# Information supplied:
****************************************

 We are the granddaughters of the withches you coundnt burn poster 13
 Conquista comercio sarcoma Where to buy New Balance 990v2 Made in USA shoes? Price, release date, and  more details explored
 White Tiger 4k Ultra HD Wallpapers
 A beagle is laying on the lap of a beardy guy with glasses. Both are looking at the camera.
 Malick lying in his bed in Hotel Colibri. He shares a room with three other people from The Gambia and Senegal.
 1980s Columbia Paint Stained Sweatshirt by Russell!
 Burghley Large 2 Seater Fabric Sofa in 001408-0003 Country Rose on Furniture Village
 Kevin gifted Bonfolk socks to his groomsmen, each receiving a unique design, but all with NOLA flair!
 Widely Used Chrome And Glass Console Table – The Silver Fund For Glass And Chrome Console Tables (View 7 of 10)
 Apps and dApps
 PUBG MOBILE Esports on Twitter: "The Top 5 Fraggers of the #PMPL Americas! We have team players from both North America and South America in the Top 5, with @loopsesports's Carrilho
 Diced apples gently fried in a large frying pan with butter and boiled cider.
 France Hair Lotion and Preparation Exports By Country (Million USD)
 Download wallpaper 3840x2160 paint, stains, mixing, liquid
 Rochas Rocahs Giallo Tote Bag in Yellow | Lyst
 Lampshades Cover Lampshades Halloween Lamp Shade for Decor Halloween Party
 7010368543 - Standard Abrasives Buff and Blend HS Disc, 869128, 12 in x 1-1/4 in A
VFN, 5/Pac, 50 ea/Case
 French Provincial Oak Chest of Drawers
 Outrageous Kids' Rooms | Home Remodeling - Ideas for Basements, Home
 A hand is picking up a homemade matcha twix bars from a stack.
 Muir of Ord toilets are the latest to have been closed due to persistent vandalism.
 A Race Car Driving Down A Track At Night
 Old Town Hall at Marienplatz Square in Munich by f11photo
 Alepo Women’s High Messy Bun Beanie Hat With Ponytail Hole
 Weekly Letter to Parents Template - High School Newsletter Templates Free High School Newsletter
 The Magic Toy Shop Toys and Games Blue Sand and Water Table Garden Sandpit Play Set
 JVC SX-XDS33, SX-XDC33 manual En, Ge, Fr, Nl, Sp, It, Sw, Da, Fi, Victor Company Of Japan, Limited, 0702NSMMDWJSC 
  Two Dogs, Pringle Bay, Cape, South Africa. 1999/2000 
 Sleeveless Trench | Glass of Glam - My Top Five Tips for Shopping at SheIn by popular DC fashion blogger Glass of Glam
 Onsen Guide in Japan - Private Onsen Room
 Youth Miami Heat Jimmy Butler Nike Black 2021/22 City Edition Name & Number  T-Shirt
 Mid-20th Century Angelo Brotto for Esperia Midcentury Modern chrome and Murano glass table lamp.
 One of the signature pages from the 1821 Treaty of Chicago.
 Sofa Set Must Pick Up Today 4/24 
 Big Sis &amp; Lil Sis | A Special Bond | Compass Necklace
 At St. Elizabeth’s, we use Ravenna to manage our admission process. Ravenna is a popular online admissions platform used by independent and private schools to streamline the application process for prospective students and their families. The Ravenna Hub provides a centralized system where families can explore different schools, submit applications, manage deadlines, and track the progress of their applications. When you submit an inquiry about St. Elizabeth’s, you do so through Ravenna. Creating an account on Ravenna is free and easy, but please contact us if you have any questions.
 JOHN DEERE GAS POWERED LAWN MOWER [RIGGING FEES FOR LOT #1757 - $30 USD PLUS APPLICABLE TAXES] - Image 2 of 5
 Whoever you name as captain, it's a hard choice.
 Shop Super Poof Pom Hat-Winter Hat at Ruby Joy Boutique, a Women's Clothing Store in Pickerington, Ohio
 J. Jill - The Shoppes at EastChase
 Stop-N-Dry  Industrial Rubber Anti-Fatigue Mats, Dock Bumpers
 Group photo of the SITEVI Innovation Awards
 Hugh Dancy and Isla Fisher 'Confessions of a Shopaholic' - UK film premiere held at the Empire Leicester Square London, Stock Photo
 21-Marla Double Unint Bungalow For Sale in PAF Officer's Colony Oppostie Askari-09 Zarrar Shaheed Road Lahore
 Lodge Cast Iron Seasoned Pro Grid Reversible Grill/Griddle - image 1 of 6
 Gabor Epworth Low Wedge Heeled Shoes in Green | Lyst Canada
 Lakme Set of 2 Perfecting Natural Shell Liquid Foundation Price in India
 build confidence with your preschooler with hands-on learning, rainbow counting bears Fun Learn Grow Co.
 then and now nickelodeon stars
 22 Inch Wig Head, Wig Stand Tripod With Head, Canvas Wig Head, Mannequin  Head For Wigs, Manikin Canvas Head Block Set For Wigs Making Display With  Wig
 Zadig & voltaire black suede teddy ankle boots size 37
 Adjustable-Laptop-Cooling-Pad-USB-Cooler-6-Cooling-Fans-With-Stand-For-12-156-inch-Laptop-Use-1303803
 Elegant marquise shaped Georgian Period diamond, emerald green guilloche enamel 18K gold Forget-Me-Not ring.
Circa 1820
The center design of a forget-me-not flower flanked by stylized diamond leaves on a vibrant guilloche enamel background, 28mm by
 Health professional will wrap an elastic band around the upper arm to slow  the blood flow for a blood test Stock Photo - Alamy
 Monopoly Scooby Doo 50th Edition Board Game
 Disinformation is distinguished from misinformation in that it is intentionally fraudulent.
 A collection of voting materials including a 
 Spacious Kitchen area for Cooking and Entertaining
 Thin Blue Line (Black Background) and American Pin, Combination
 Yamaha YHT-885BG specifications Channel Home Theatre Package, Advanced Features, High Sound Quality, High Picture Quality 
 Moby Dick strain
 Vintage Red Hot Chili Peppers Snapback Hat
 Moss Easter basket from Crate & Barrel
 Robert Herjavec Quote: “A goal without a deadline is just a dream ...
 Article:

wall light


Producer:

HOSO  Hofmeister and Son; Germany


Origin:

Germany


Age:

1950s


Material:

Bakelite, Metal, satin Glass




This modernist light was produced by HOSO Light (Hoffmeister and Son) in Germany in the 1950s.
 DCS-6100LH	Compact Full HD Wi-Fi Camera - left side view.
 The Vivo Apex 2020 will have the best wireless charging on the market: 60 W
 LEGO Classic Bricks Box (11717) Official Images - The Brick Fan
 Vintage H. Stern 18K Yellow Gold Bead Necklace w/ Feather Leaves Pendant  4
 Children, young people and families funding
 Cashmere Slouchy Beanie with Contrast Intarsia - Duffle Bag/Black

****************************************

# What is being asked:
Search the listing for "Sofa" and show every line where it occurs.

# Written answer:
 Burghley Large 2 Seater Fabric Sofa in 001408-0003 Country Rose on Furniture Village
 Sofa Set Must Pick Up Today 4/24 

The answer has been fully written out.